0
votes

I am running a query using Hive on Spark which is exhibiting some strange behavior. I've run it multiple times and observed the same behavior. The query:

  • reads from a large Hive external table
  • Spark creates about ~990,000 tasks
  • runs in a YARN queue with > 2900 CPUs available
  • uses 700 executors with 4 CPUs per executor

All is well at the start of the job. After ~1.5 hours of 2800 CPUs cranking, the job is ~80% complete (800k/990k tasks). From there, things start to nosedive: Spark stops using all of the CPUs available to it to work on tasks. With ~190k tasks to go, Spark will gradually drop from using 2800 CPUs to double digits (usually bottoming out around 20 total CPUs). This makes the last 190k tasks take significantly longer to finish than the previous 800k.

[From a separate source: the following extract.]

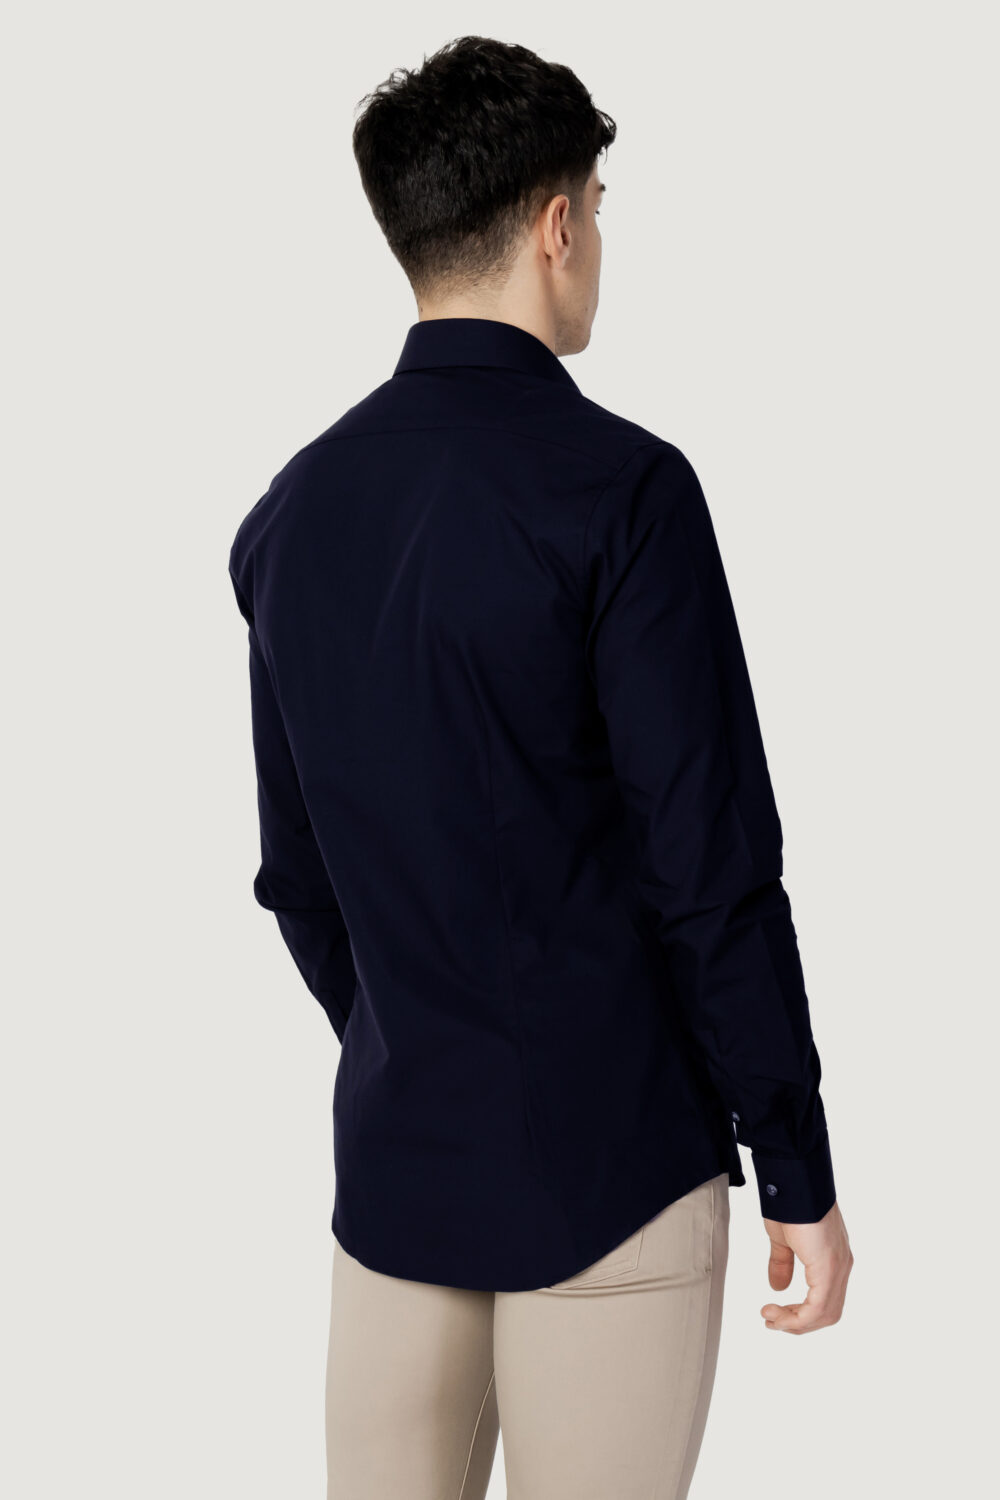 Camicia manica lunga Calvin Klein POPLIN STRETCH SLIM SHIRT Blue scuro - Foto 2
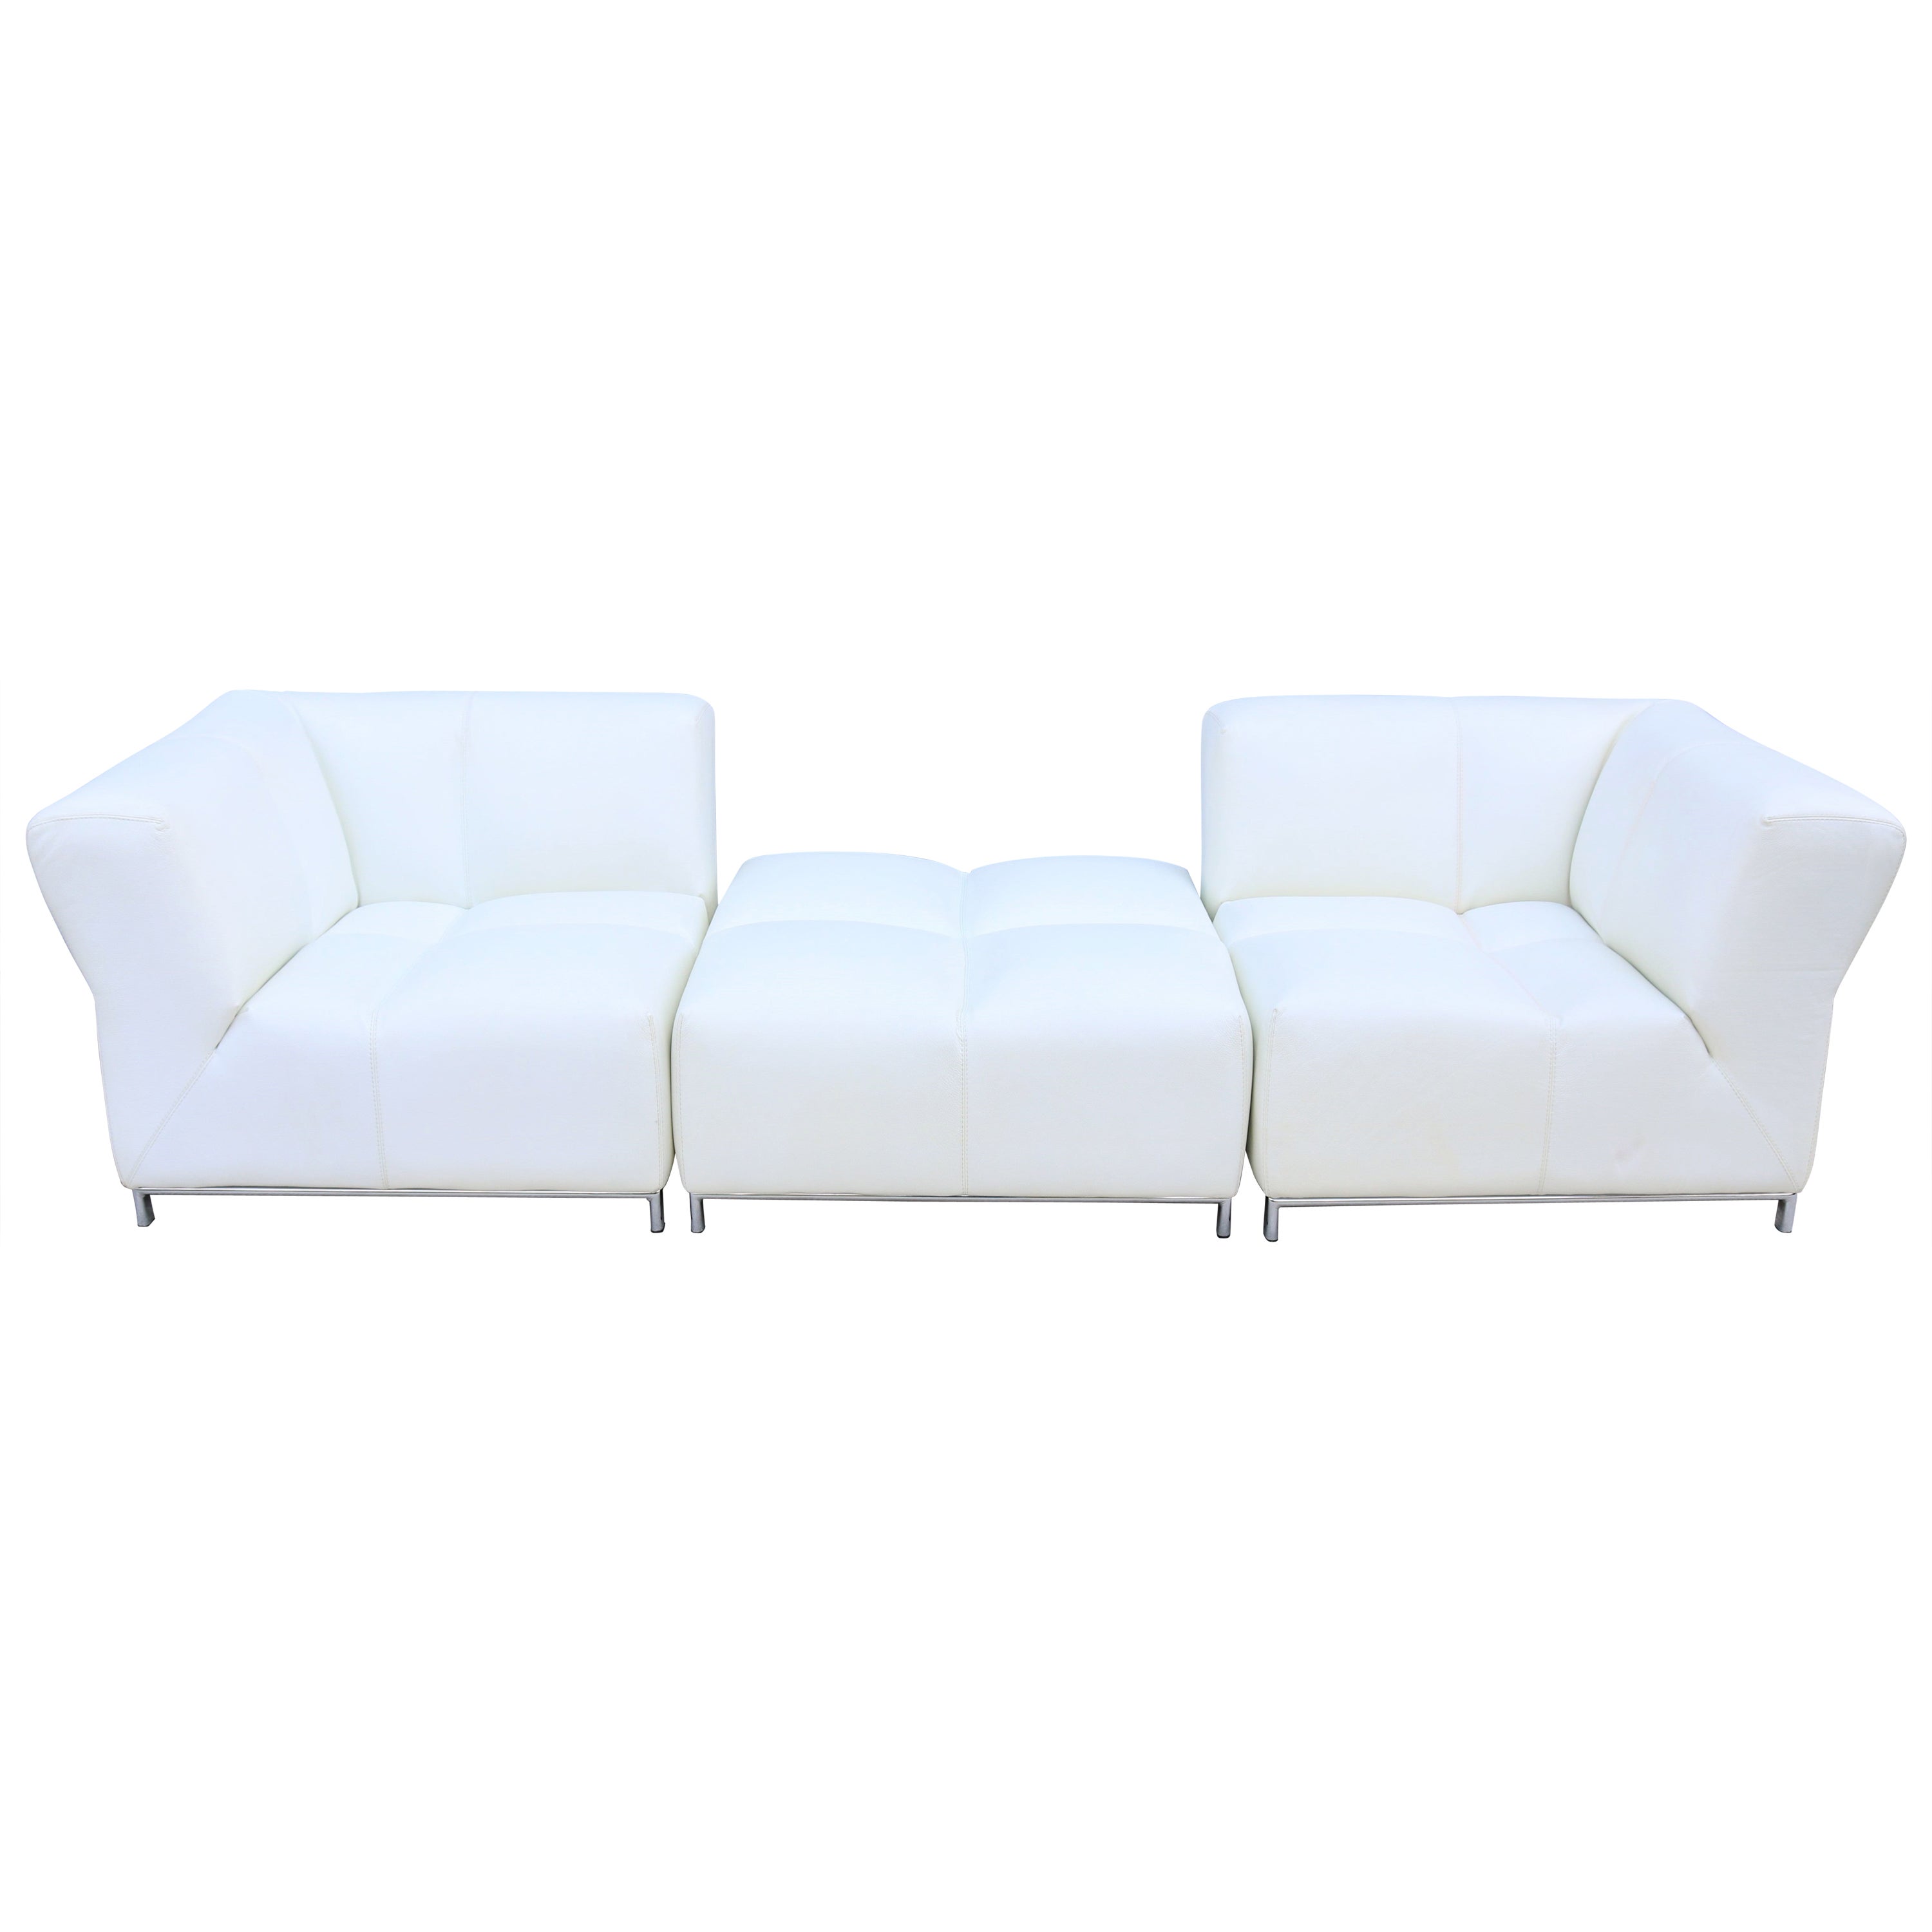 Italian Modern Domino Modular White Leather Sofa by Gamma Arredamenti For Sale

I could see as the job got very close to completing that Spark would be unable to parallelize a small amount of remaining tasks across a large number of CPUs. But with 190k tasks left to be started, it seems way too early for that.

Things I've checked:

  • No other job is pre-empting its resources in YARN. (In addition, if this were the case, I would expect the job to randomly lose/regain resources, instead of predictably losing steam at the 80% mark).
  • This occurs whether dynamic allocation is enabled or disabled. If disabled, Spark has all 2800 CPUs available for the entire run time of the job - it just doesn't use them. If enabled, Spark does spin down executors as it decides it no longer needs them.
  • If data skew were the issue, I could see some tasks taking longer than others to finish. But it doesn't explain why Spark wouldn't be using idle CPUs to start on the backlog of tasks still to go.

Does anyone have any advice?

1

1 Answers

1
votes

For posterity, this answer from Travis Hegner contained the answer.

Setting spark.locality.wait=0s fixes this issue. I'm also not sure why a 3 second wait causes such a pile up in Spark's ability to schedule tasks, but setting to 0 makes the job run extremely well.